Micah Truman, founder and CEO of Return Homea, funeral home in the Seattle area that specializes in human composting, said there's been growing demand for the practice in recent years.

'With cremation, instead of sitting with our person and saying goodbye, we are very divorced from the process,' he told The Guardian.
Advocates for the bill, which was signed into law by Gov. Gavin Newsom this week, have said NOR is a more climate-friendly option

The Catholic Church in the state is against the process.
NOR uses essentially the same process as a home gardening composting system,’ the executive director of the California Catholic Conference, Kathleen Domingo, said in a statement to SFGATE.
She added that the process was developed for livestock, not humans.
‘These methods of disposal were used to lessen the possibility of disease being transmitted by the dead carcass,’ Domingo said.
‘Using these same methods for the “transformation” of human remains can create an unfortunate spiritual, emotional and psychological distancing from the deceased.'

Washington, Colorado and Oregon have all legalized the process of composting human remains.
However, Colorado does not allow the soil to be sold or used to grow food for human consumption.

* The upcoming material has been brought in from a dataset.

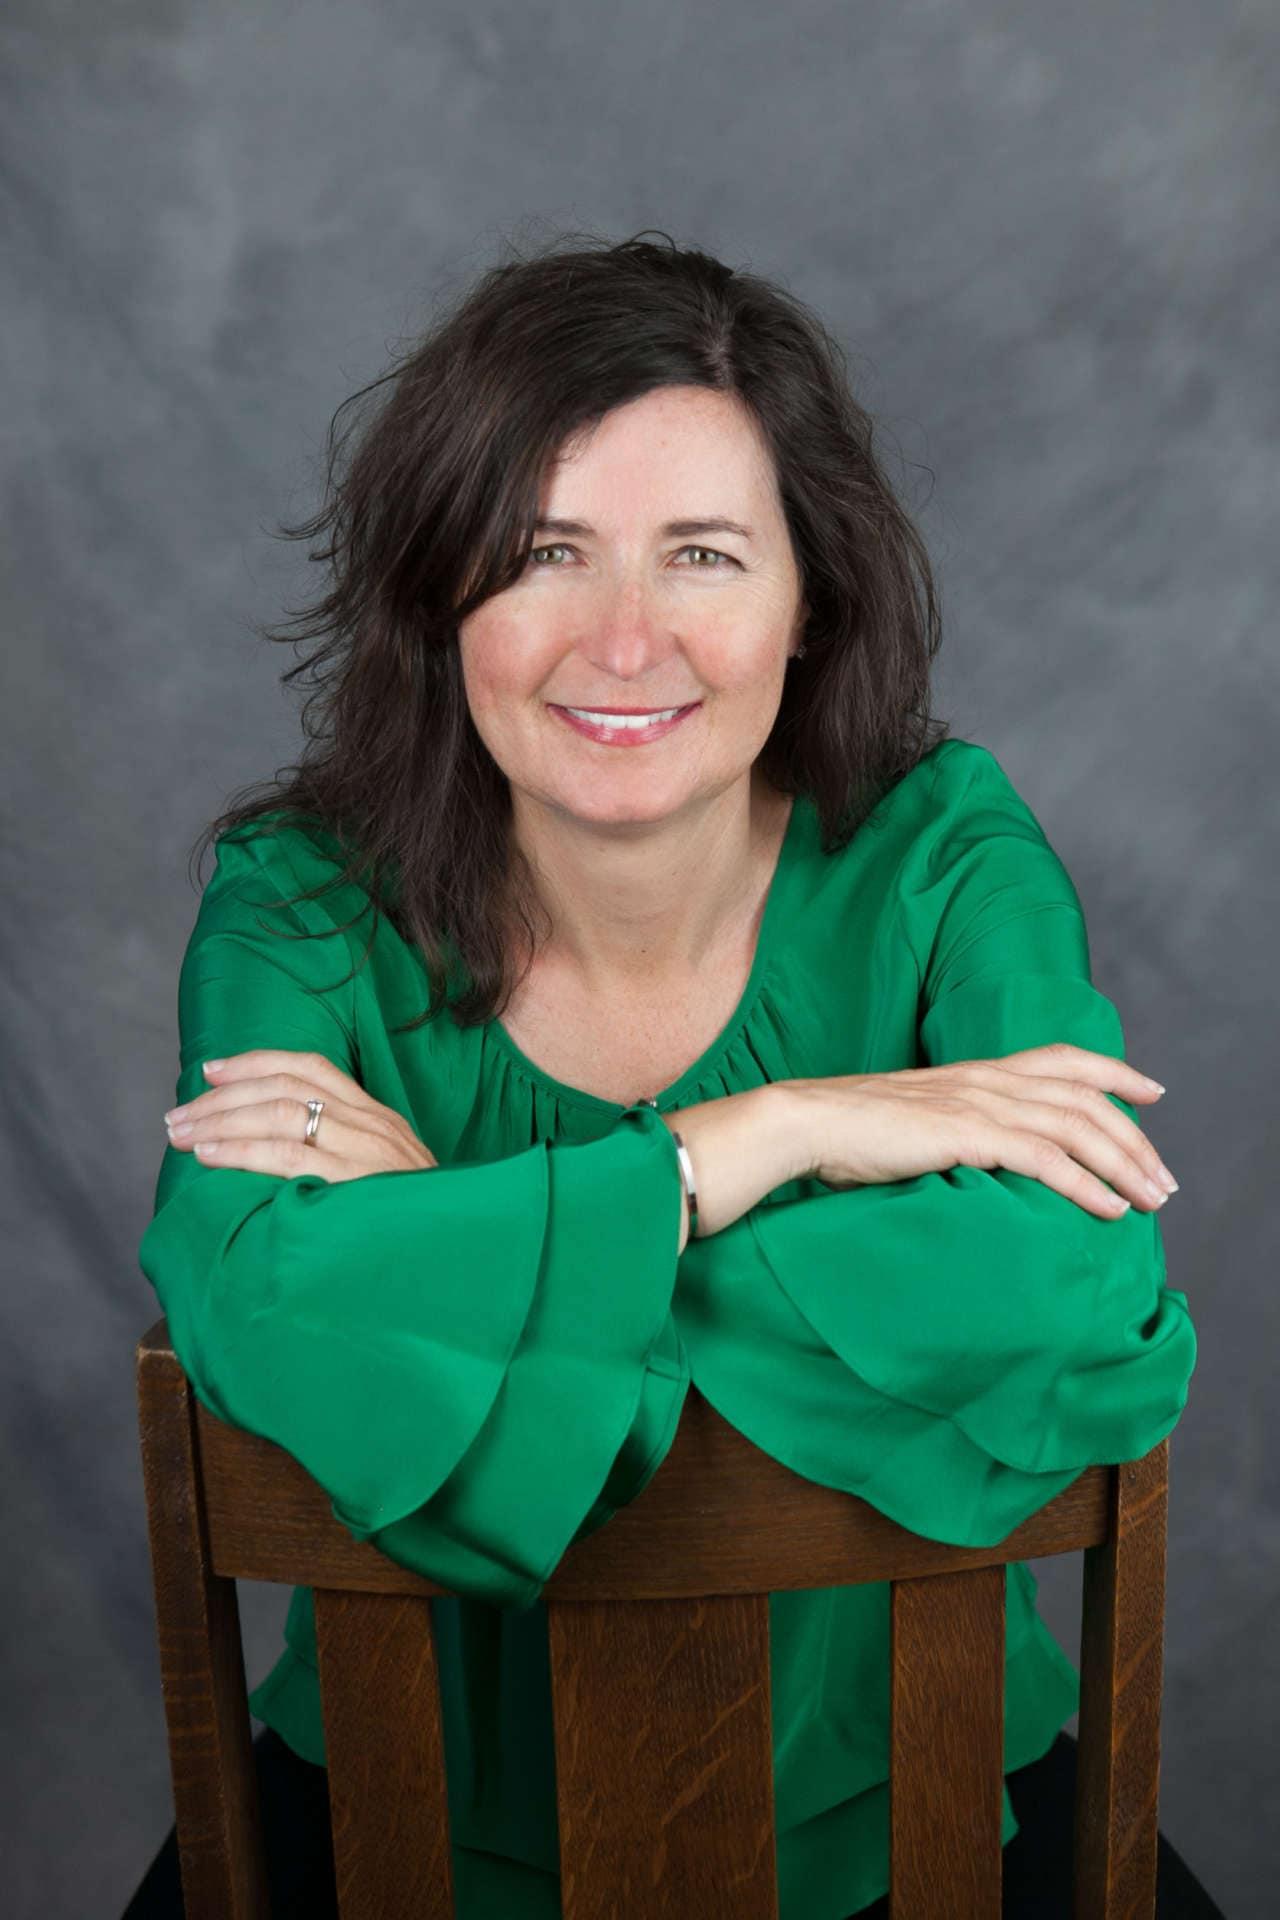 Audrey DeBarros
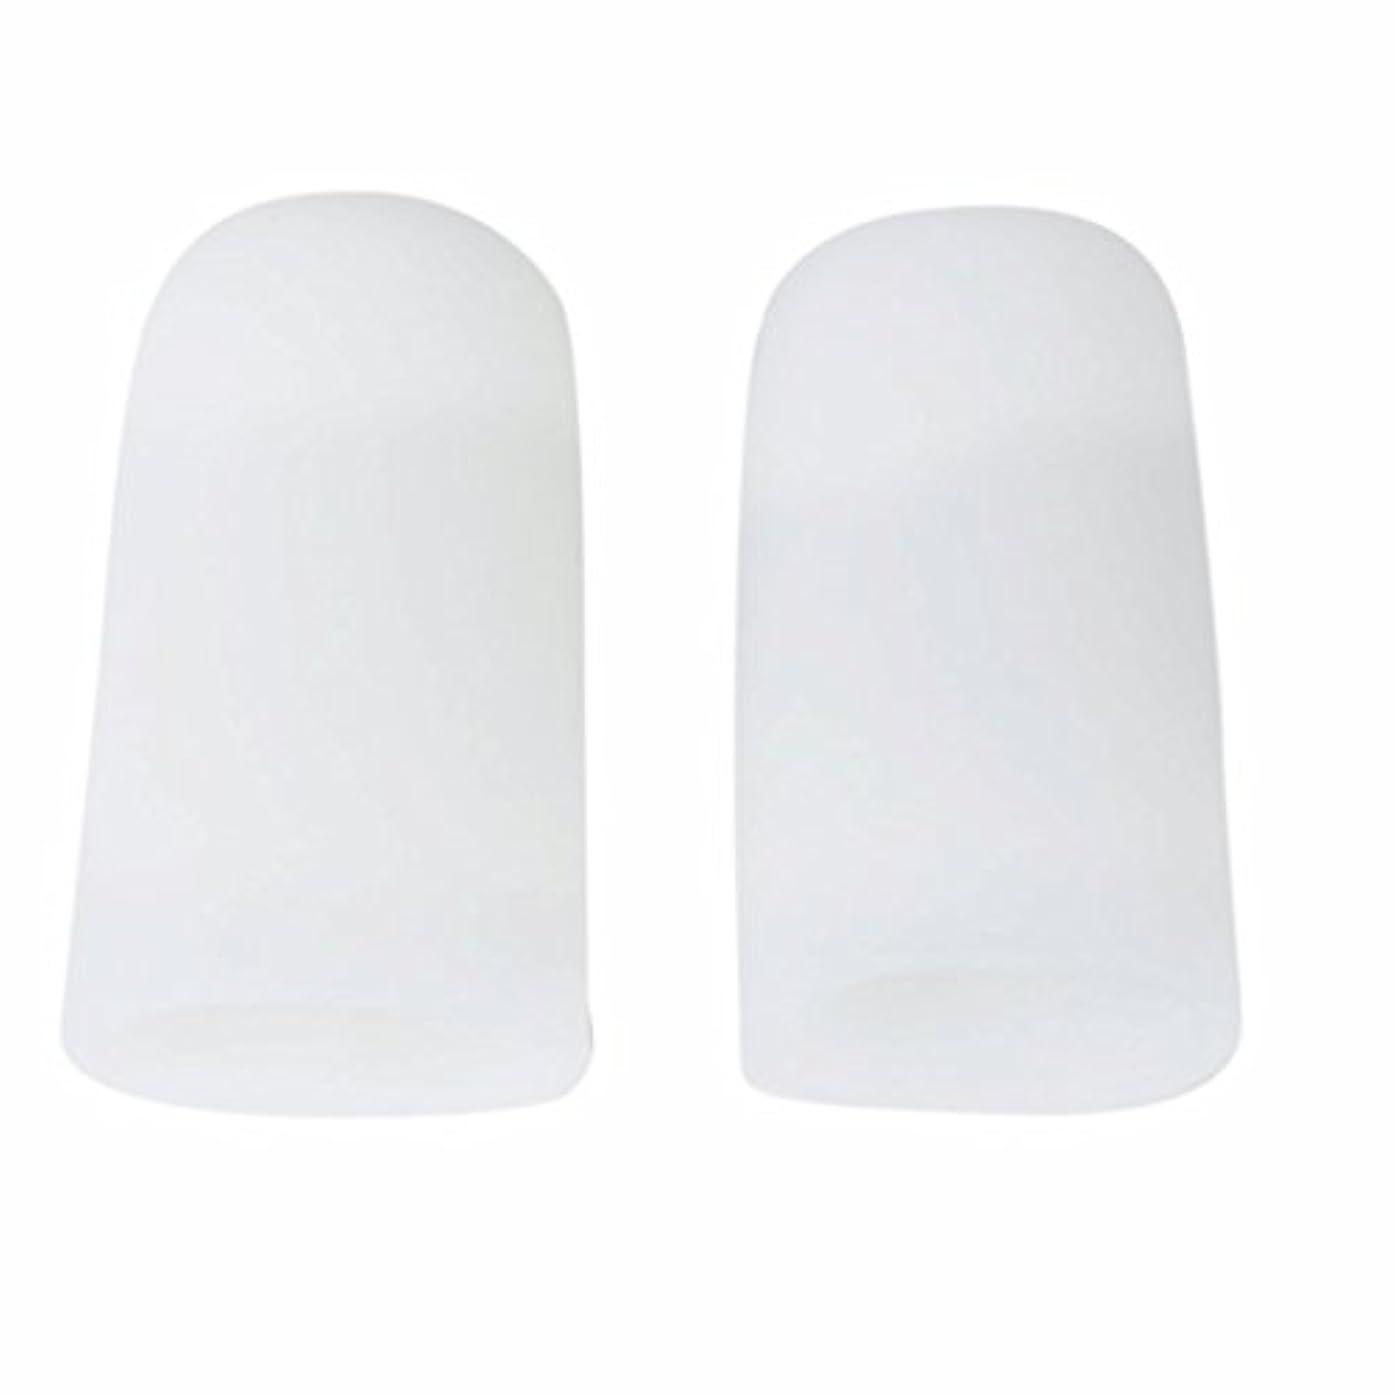 黒くするサンダルトークAMAA 足指 保護キャップ つま先 プロテクター 足先のつめ 保護キャップ シリコン S M Lサイズ 1ペア (M)

Under a bill recently passed by New York's state legislature, only cemeteries would be allowed to apply for a license to offer human composting - which the New York State Funeral Directors Association objects to.

'Funeral directors have always essentially prided themselves as being very responsive, fully responsive, to what a person deserves for their own funeral and burial - however they would like it,' Randy McCullough, deputy executive director of the organization, told NY1 News.

'And we still want to do that with this process. We're not opposed at all to the introduction of these alternative disposition processes, per se.'
---from daily mail online 22/09/2022---

A farmer can now do more than be out standing in his field, he can now eventually become part of said field.

D.I.Y. Human Composting is still frowned upon ( hiding the body)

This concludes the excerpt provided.